1

I have a set of data (assume they are objects) with unique immutable names, like this:

class Datum {
    final string name
    // other fields
}

Considering that:

  1. I don't need to support rename. (The names are immutable as I mentioned)
  2. The names are unique. Among the data I store, there are no two data with the same name.
  3. There may or may not (depending on how future plugins will be using the API) be a lot of API calls to search a datum by name.

Should When should I index my data with an addition numeric ID, or rather than just by the name?

  • in databases?
    • The ID would be an auto_increment primary key from the database engine
    • The name is provided
  • at a runtime memory storage (most likely hashtable, but also other data structures that may be applicable)?
    • The ID is an increment value attached with each datum when a datum is loaded.
    • The data may be inserted into or removed fro the storage anytime with no specific order, and may be re-inserted (after being removed), but the same datum only occurs in the storage once at the same time.
    • Consider implementation in different languages. For example, in Java, a HashMap<String, ?> vs HashMap<Integer, ?> may be used. In PHP, the difference is the key used in the array that stores the data.

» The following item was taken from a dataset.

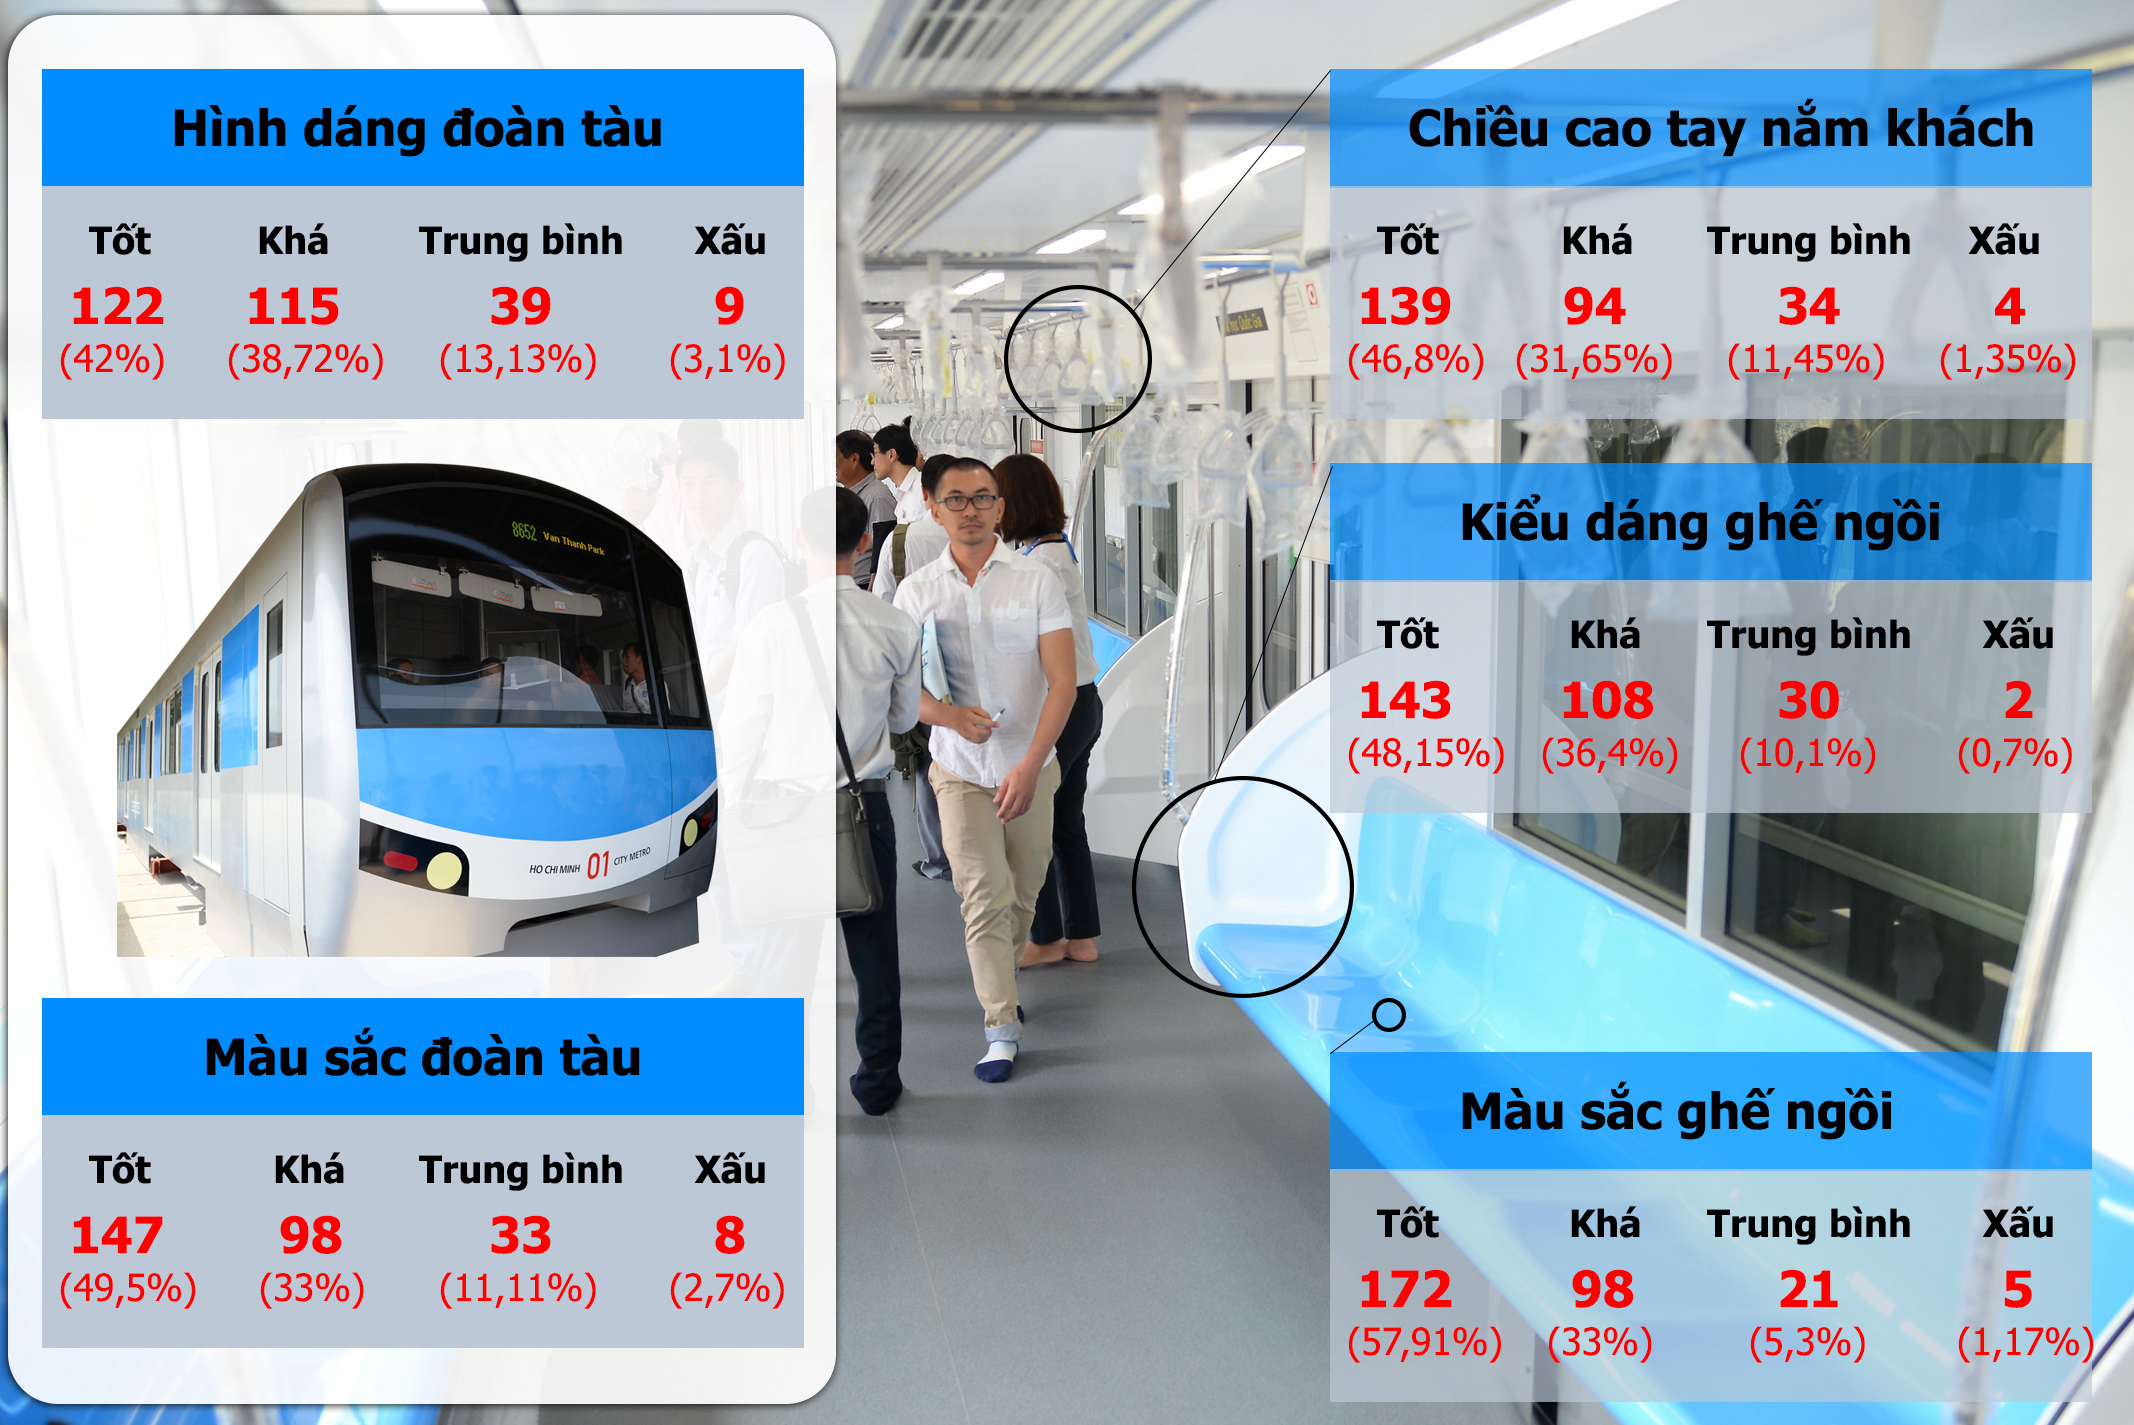 Thống kê góp ý cho tàu metro từ 297 phiếu thăm dò được phát ra - Ảnh: Hữu Khoa - Đồ họa: Vĩ Cường

Note: The two questions are independent from each other, i.e. yes for database only but no for runtime only may also be a reasonable answer.

SOFe
  • 658
  • 1
  • 7
  • 27
  • IMHO, both are valid options. Using a numeric ID is often used, but by no means necessary. If names are unique and don't require renaming, you may as well go with it. – dagnelies Oct 10 '16 at 13:38
  • Btw, "search a datum by name" seems like a bad idea. Better convert the name into a "real" date and search with that. – dagnelies Oct 10 '16 at 13:42
  • 2
    @dagnelies A [datum](https://en.wikipedia.org/wiki/Datum) is not necessarily date or time related information. – Dan Pichelman Oct 10 '16 at 14:10
  • 2
    Possible duplicate of [Is there a canonical source supporting "all-surrogates"?](http://programmers.stackexchange.com/questions/204521/is-there-a-canonical-source-supporting-all-surrogates) –  Oct 10 '16 at 14:14
  • 1
    You can also use UUID. What dislike to me about auto incrementals is at the time to design web APIs. I don't feel confortable using this sort of ID as path vars. Seems to me a very easy design to exploit. This is why I started recently to use UUID. – Laiv Oct 10 '16 at 18:25
  • What's different between a UUID and a name if it's guaranteed immutable and unique? – SOFe Oct 11 '16 at 09:14
  • @Snowman this question is partly duplicate of the question you pointed out, but another half of the question is about runtime memory indexing, which is probably not related to that question. How can I edit this question to avoid duplicate? – SOFe Oct 11 '16 at 09:31
  • I trust way more in the UUID inmutability and unique than in any String of any data model, no matter how inmutable it seems to be. – Laiv Oct 11 '16 at 18:45

2 Answers2

1

The case you describe is so bizarre that I question whether it is a purely theoretical one.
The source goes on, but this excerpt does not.